The House in the Cerulean Sea by T.J. Klune (Review by James B. ’24)

The House in the Cerulean SeaThe House in the Cerulean Sea by T.J. Klune
My rating: 4 of 5 stars

T.J. Klune’s The House in the Cerulean Sea is a comforting tale of an orphanage for magical children, although it isn’t an orphanage because no one goes there to adopt. What initially appears to be a light-hearted criticism of the corporate machine becomes a bright story of found family and finding your place in a world who would very much not like you around.

Most remarkable about the book is the ease with which it builds the world around the story. From only the first few pages you already know that this is a world in which magical creatures are not uncommon, but oppressed. Magical children are abandoned in “orphanages” overseen by a corporate giant. Our protagonist is Linus Baker, a caseworker at DICOMY given a top secret case by the Extremely Upper Management. It is on this case that Linus meets Arthur Parnassus, the Headmaster of an orphanage housing the six-year-old anti-christ, Lucy. It is this boy as well as many others that, despite the fact that they aren’t human, teach Linus about humanity.

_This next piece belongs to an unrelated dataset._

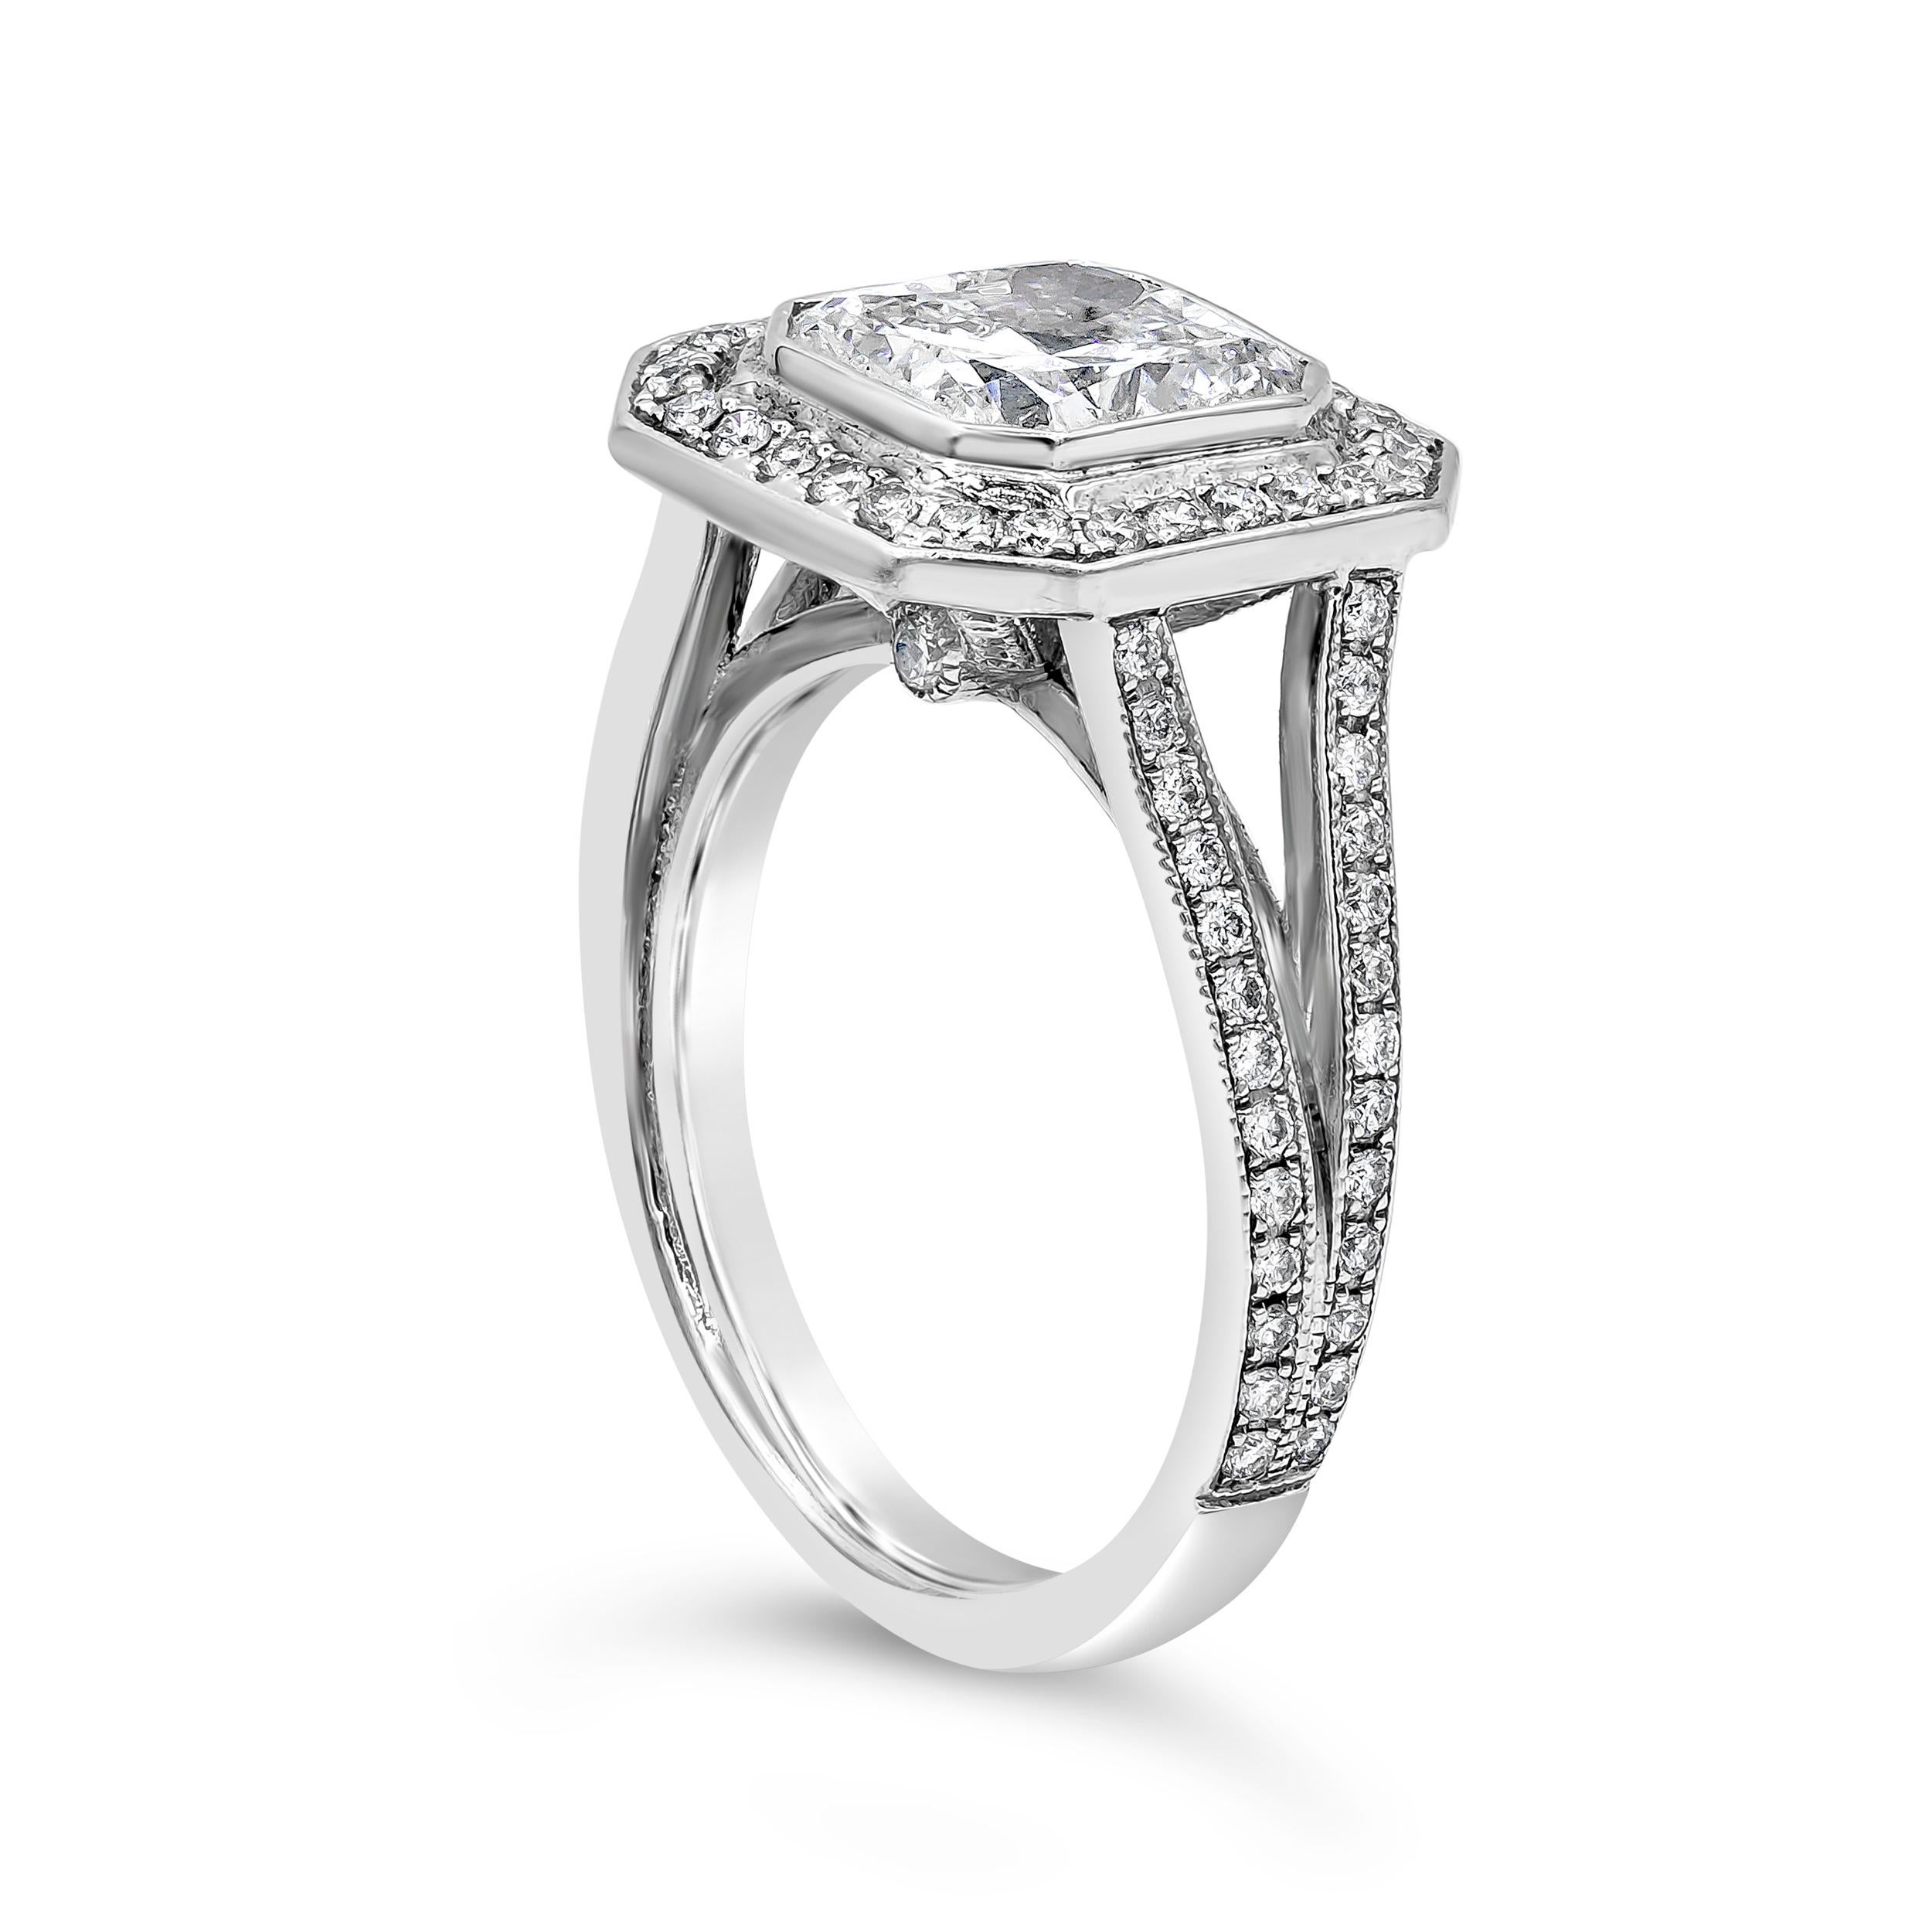 This antique style ring features a GIA Certified 2.54 carat radiant cut diamond I Color and VS2 in Clarity. Surrounded by a single row of round brilliant diamonds accented with brilliant round diamonds down the shank. Accent diamonds weighs 0.51

I very much enjoyed this book, although I was under the incorrect pretense that it was a Queer romance first and adventure second. The romance is there, but it is far overshadowed by the odd but lovable found-family and delve into everyday oppression. Each child earns their own heart-warming spotlight, and as V. E. Schwab’s testimony on the cover says, it is indeed like being wrapped in a big gay blanket.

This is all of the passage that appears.